We create and deliver value, as we see it. But value perceived is always relative to the competitive environment. 

For this reason, we must build our understanding of the competitive landscape, when we focus on value creation. 

Understanding your (local) competitive landscape

Down on the playing field, we talk about competitive dynamics in terms of forces and power.

In “On Competition”, Michael Porter introduced five forces that drive competitive dynamics within an industry:

  1. Competitive Rivalry - who has the upper hand, among rivals?

  2. Supplier Power - who has the upper hand on rates and pricing, you or your suppliers?

  3. Buyer Power - who has the upper hand on pricing, you or your suppliers?

  4. Threat of Substitution - can you buyers go with something else instead?

  5. Threat of New Entry - are new rivals emerging?

Porter’s Five Forces

This concept of wielding power to handle the forces at play is a key strategic concept, for businesses, that can be extended to anyone creating value.

Power (noun):

  1. the ability to do something or act in a particular way, especially as a faculty or quality.

  2. the capacity or ability to direct or influence the behavior of others or the course of events.

Power means advantage, in competition. So once you can define your competitive pressures or forces, you can start to seek leverage in your strategic choices to address those forces with increased power.

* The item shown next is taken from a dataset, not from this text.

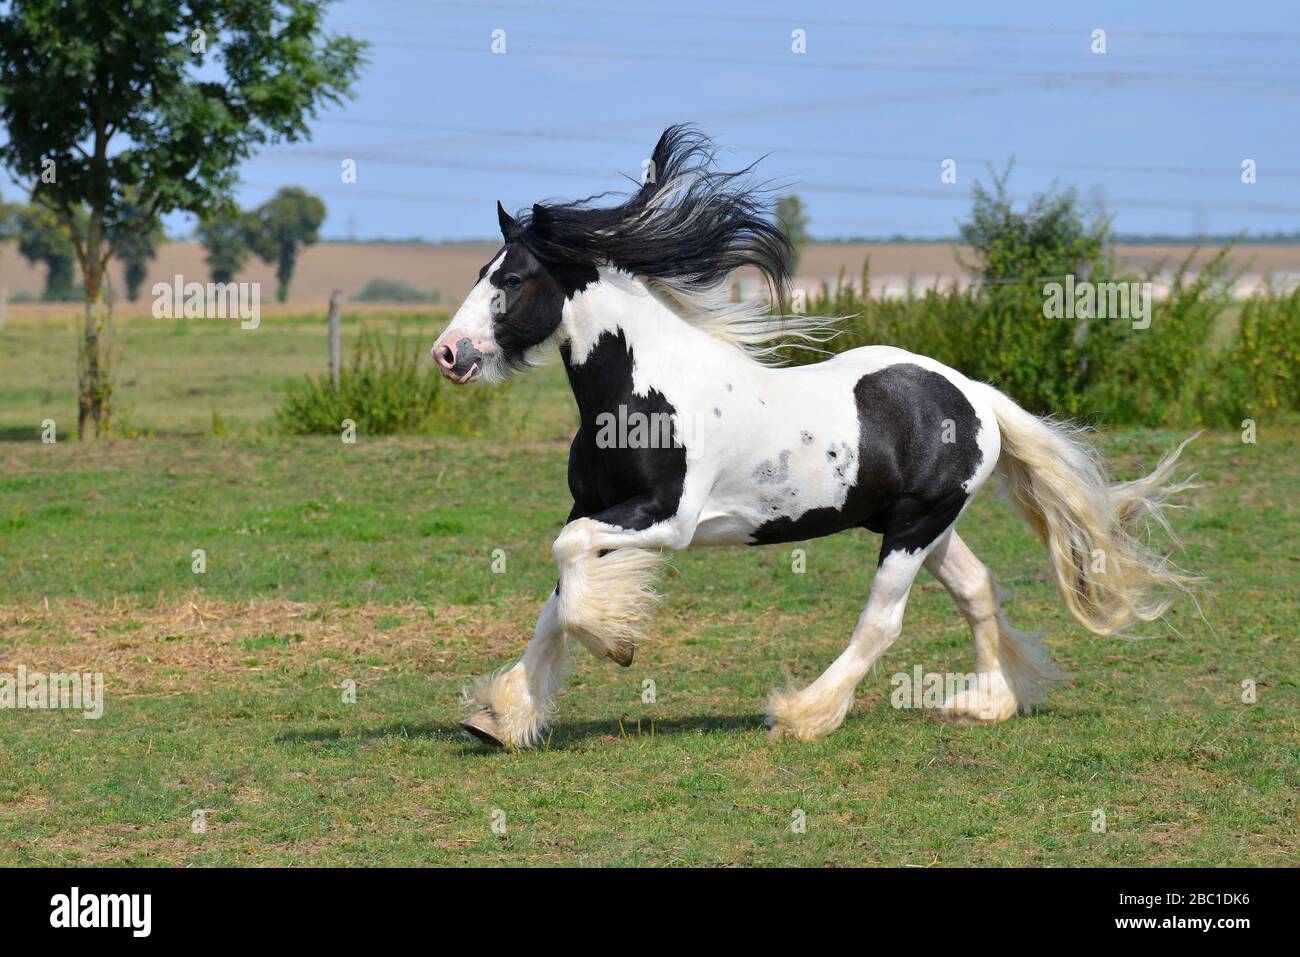 Pinto Irish Cos Horse course au canter sur le terrain. Horizontal, vue latérale, en mouvement. Banque D'Images

Can this really work conceptually, even deep within an enterprise? For example, in internal organizations that provide shared services and/or build things for others to use (internally or externally)?

Well, if you create value, then you can talk about:

  • A “customer” (the consumer of your value)

  • Your “offer” to that customer, at some “price” (in time, money, or attention)

  • Your customer’s “willingness-to-pay” (in time, money, or attention)

  • Your customer’s level of satisfaction and/or delight with the offer 

Anyone creating value has a “customer”

And from there, you can ask yourself questions, about the competitive forces at play, relative to the value you create:

  • What is a potential alternative for your customer (either today or tomorrow)? 

  • Do people “buy” your delivered value? Or pay with time, attention, or focus instead? Are they delighted with your offer? What’s the difference between what they “pay” and their “willingness-to-pay” (WTP)?

  • What, if anything, do you use or consume yourself, to produce value? What is the “willingness-to-sell” (WTS) of suppliers?

  • In a pinch, what could your customer substitute for your offer, to maybe still get the job done, but less effectively?

  • What trends are happening in your domain or “category”? Is it attracting new investment around new technology, leading to new offers or options being put in front of your customers?

These are generic questions about the competitive forces affecting the creation and realization of value.

So it seems we can bring the idea of competition down inside any team creating value. And this opens the door for leaders of a handful of teams creating value to do more strategic thinking. Strategic dialogs about competition are not limited to just the higher levels of leadership.

Making good strategic choices to address competitive forces can increase your power out on the playing field.